> [EXERCISE AIM] How do the lines below between the ones holding "Alternate Image 1" and "fd843179ab4 Lyst - Easy", inclusive, read? Give them again exactly, with no other lines.

> [DATA FOR PROCESSING]

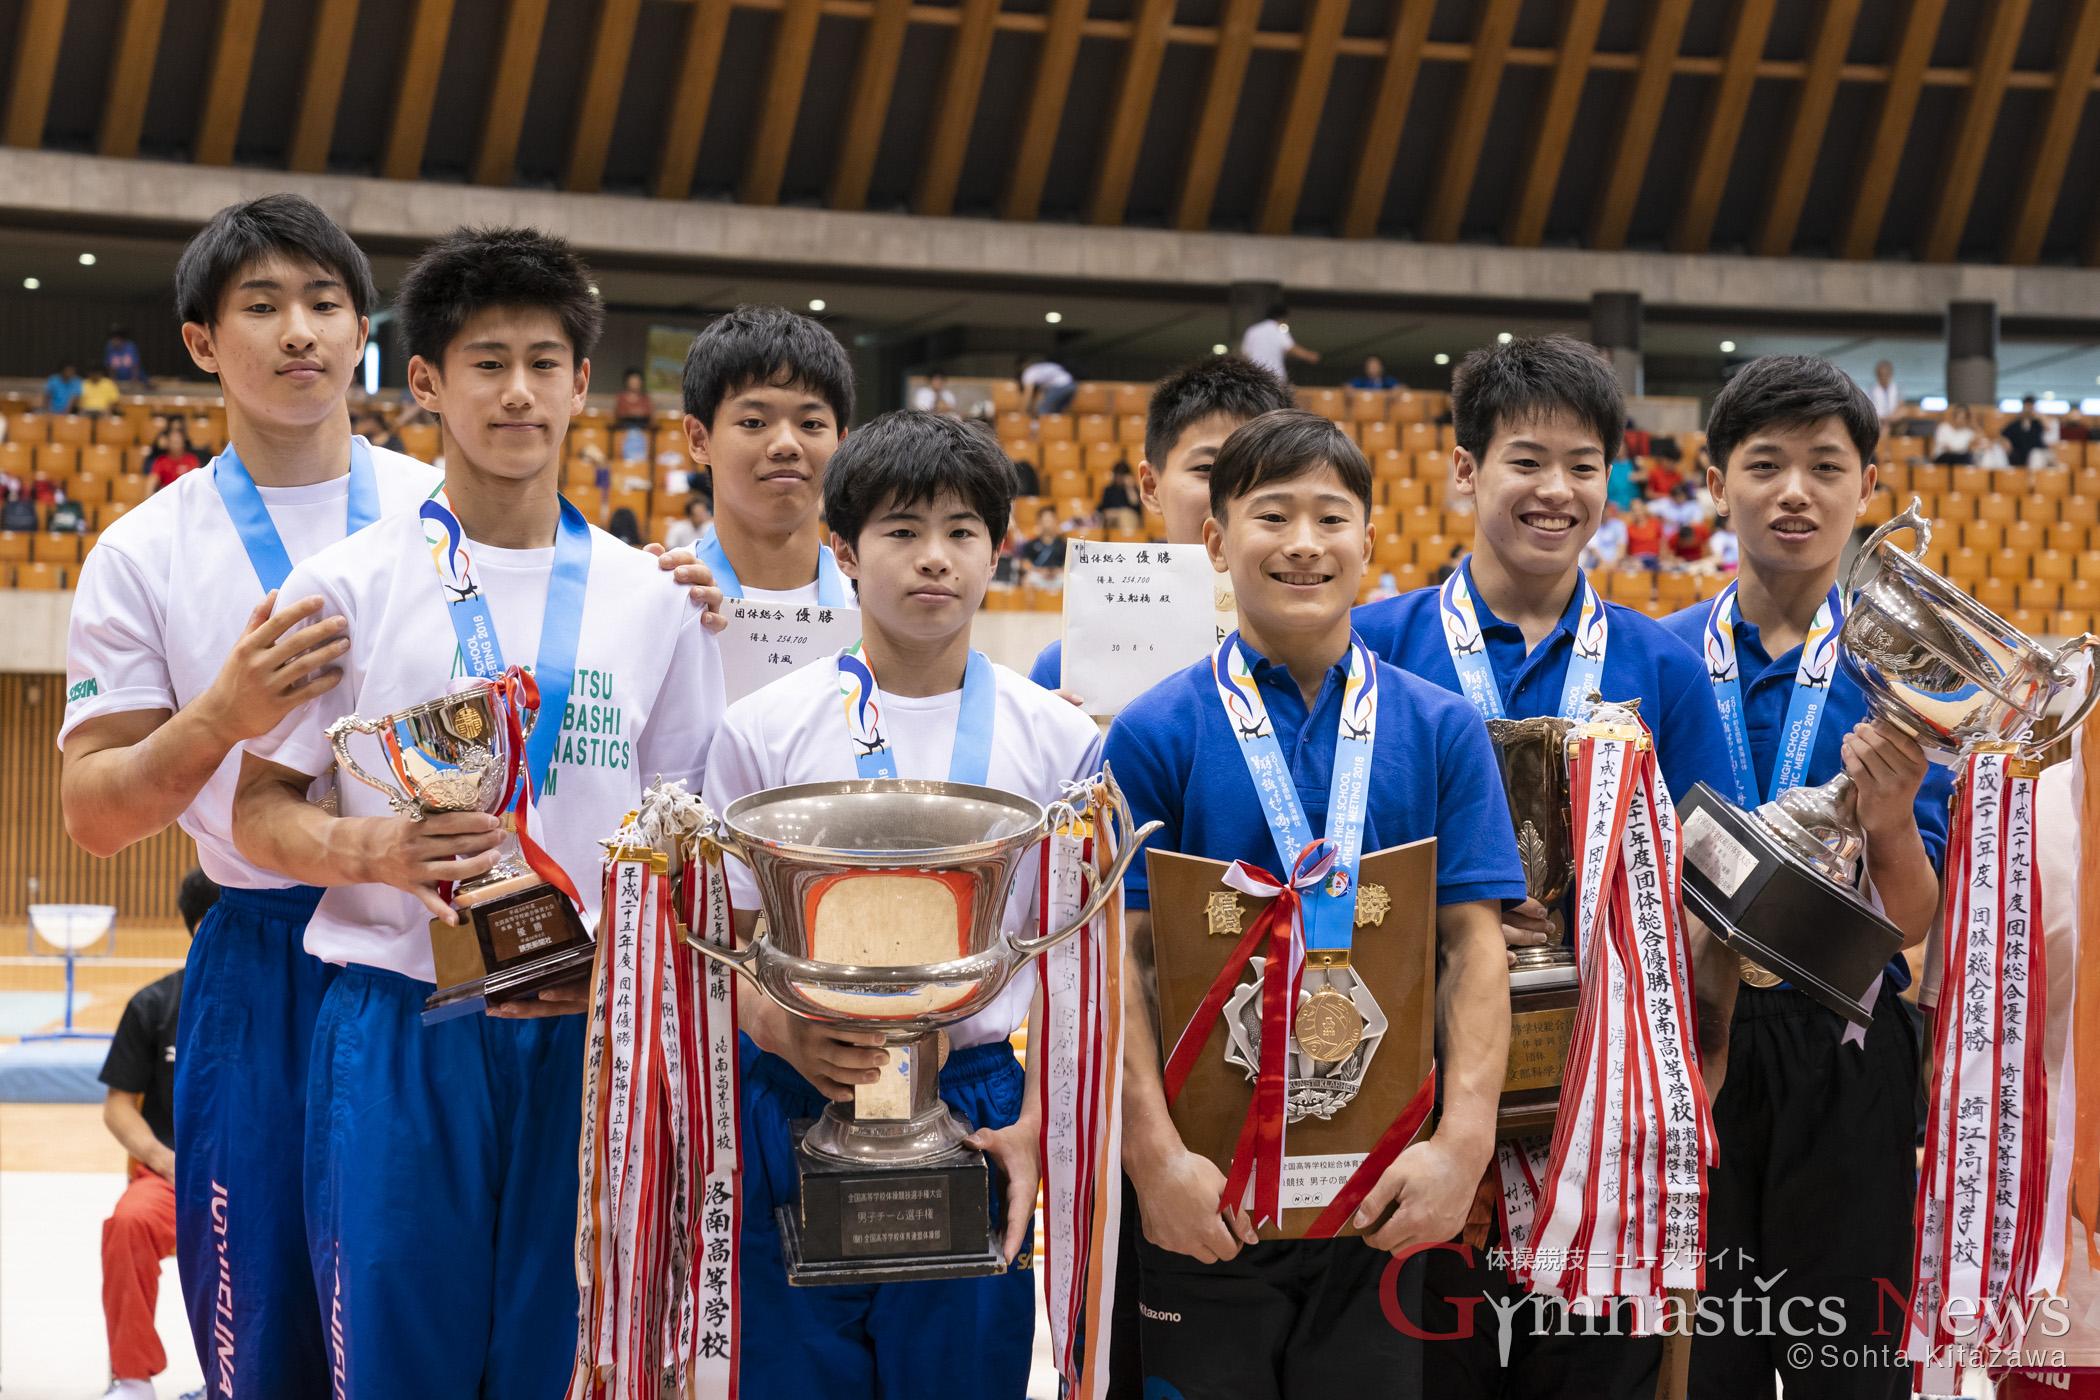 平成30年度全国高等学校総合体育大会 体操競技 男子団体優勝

==

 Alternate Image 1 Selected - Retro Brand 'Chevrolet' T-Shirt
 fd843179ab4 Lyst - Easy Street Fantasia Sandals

...

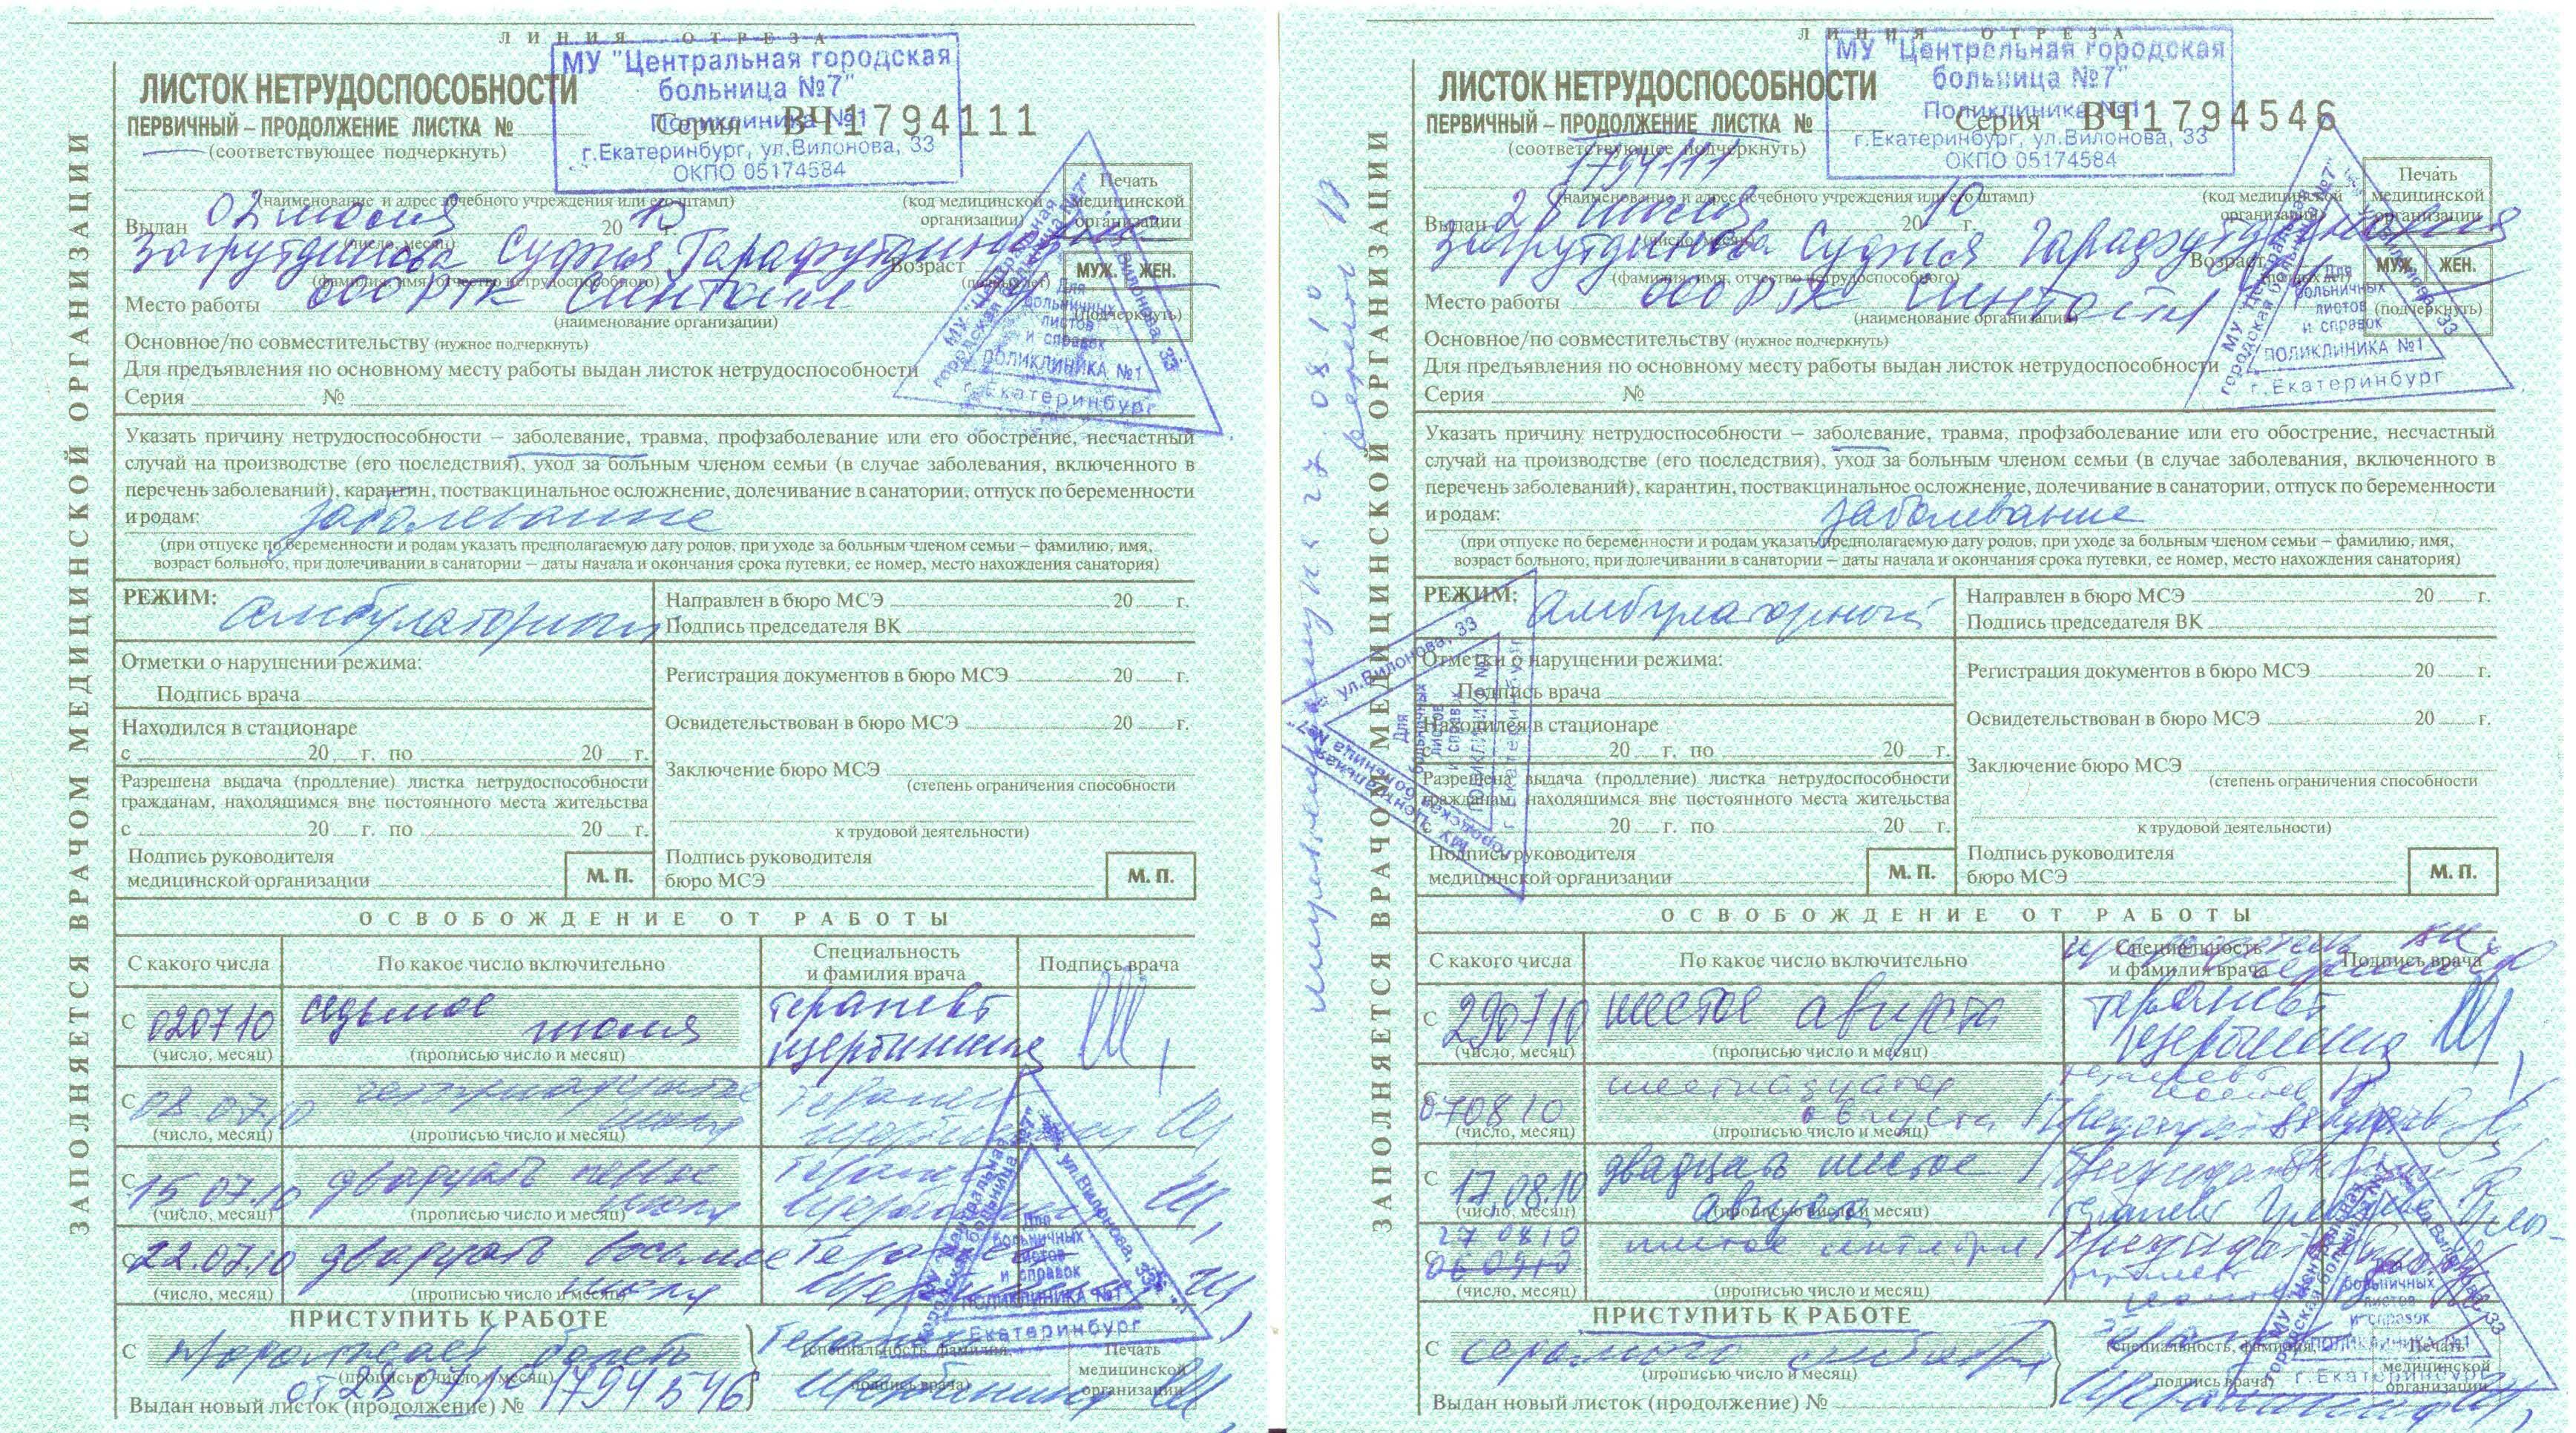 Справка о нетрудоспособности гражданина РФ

> [SOLUTION TO THIS TASK]
 Alternate Image 1 Selected - Retro Brand 'Chevrolet' T-Shirt
 fd843179ab4 Lyst - Easy Street Fantasia Sandals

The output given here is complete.